In a regular expression, most characters will match themselves. There are 12 special characters in regular expressions: the backslash \, the dollar symbol $, the caret ^, the dot ., the vertical bar |, the question mark ?, the asterisk *, the plus sign +, parentheses ( and ), the opening square bracket [ , and the opening curly brace {. To match one of the special characters you have to put a backslash \ in front of it (this is called "escaping" the character).

By default comparisons are all case sensitive!

So, some simple regular expressions would be


Special Characters

The special character meanings are:

. - match any character (except space characters - space, carriage-return, line-feed and tab characters).

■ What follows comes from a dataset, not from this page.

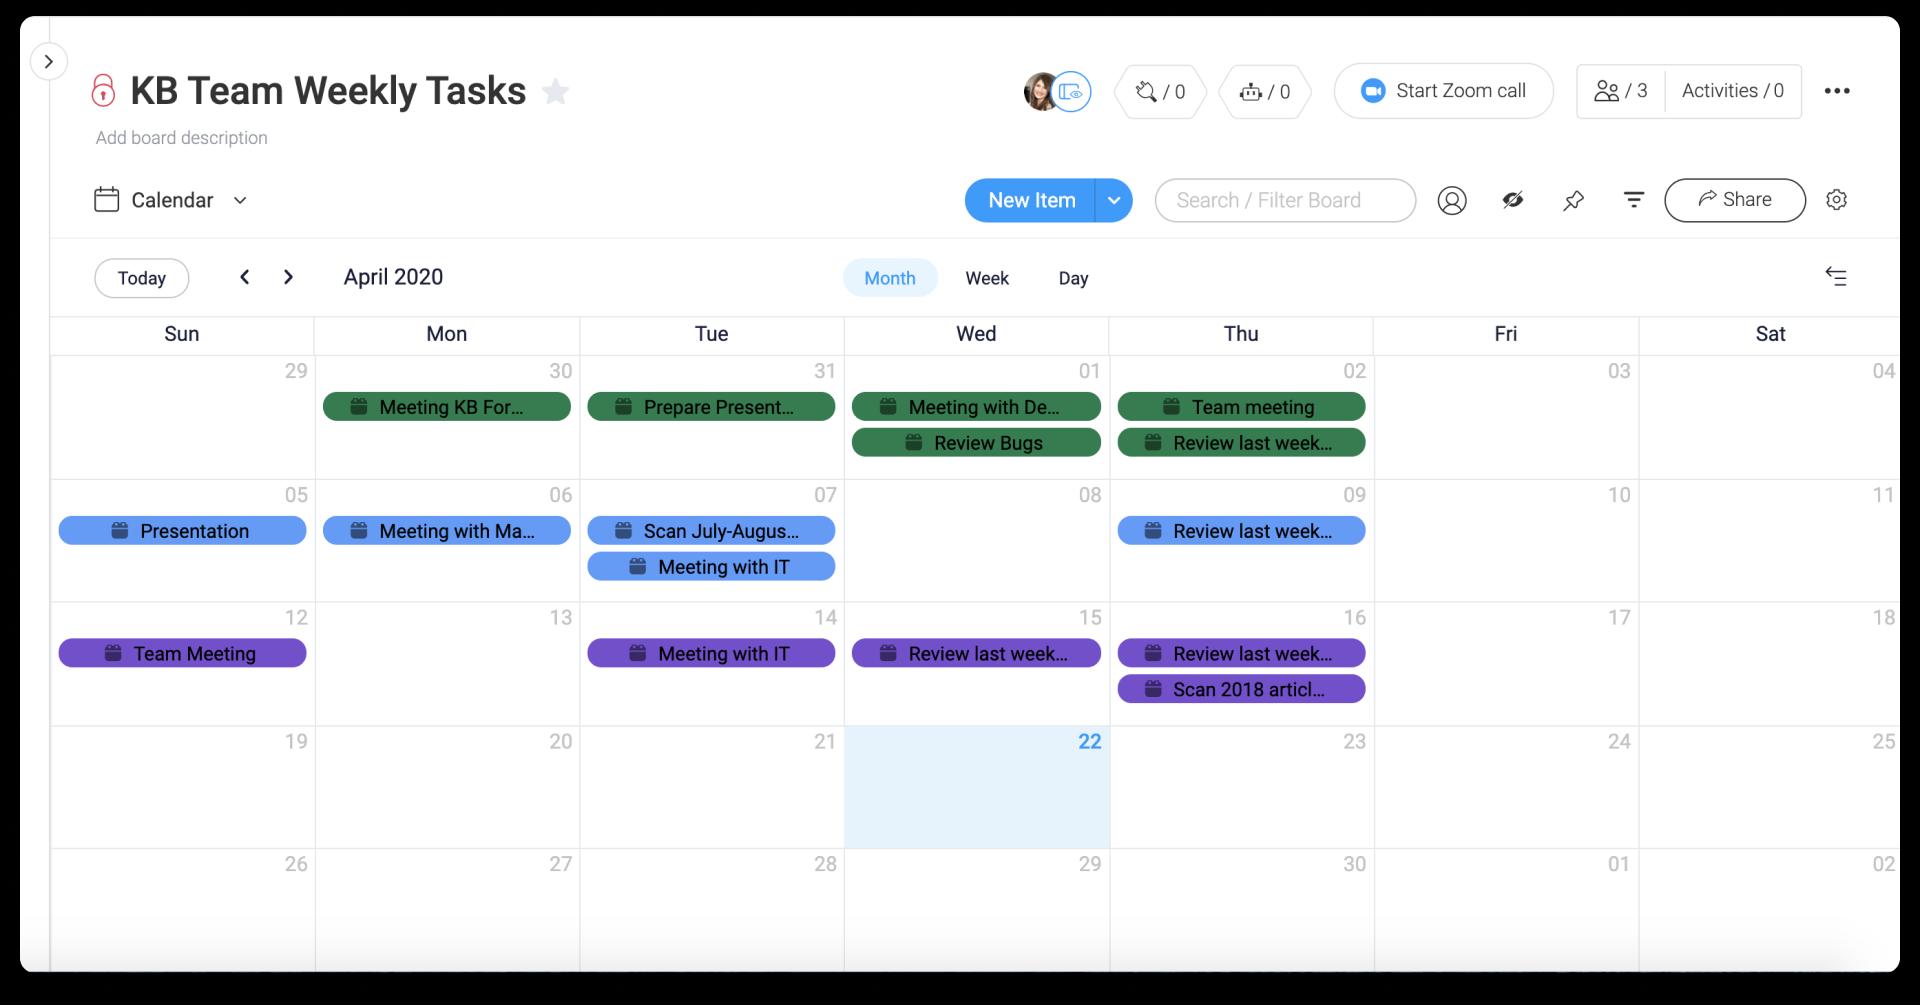 Monday.com calendar view

? - match 0 or 1 of the preceding token. E.g. a? will match "" or "a". .? will match any character or the absence of any character.

* - match 0 or more of the preceding token. E.g. a* will match "" or "a" or "aaaaaaaaaaa". .* will match zero or more of any character (the characters don't have to be the same).

+ - match 1 or more of the preceding token. E.g. a+ will match "a" or "aaaaaaaaa" but not "".

{m} - match m of the preceding token. E.g. a{5} will match only "aaaaa".

{m,n} - match from m to n (inclusive) of the preceding token. Omitted numbers mean either 0 at the start or infinity at the end. So a{2,4} means 2, 3, or 4 'a' characters. a{,5} means 0 to 5 'a' characters.

[...] - defines a "character class". You can put characters inside the square brackets, or ranges using a '-' character. This will match any of the characters in the character class. E.g [a-z] will match any lower case letter. [aeiou] will match any lower-case vowel. [aeiouAEIOU] will match any lower- or upper-case vowel. You can use any character inside the character class without escaping, except for the ] character, which must be escaped. Eg, you can have [[\]] to match either [ or ]. If you want to put a - character in the character class, put it at the end, with nothing after it, or it will be interpreted as a range. Eg, [+-*/] will be interpreted as "+ to * and /" - instead use [+*/-].

| - this is called 'alternation'. It means whatever is before, or whatever is after - so cat|dog will match either cat or dog. To limit the alternation use parentheses. E.g. there is a (cat|dog) over there.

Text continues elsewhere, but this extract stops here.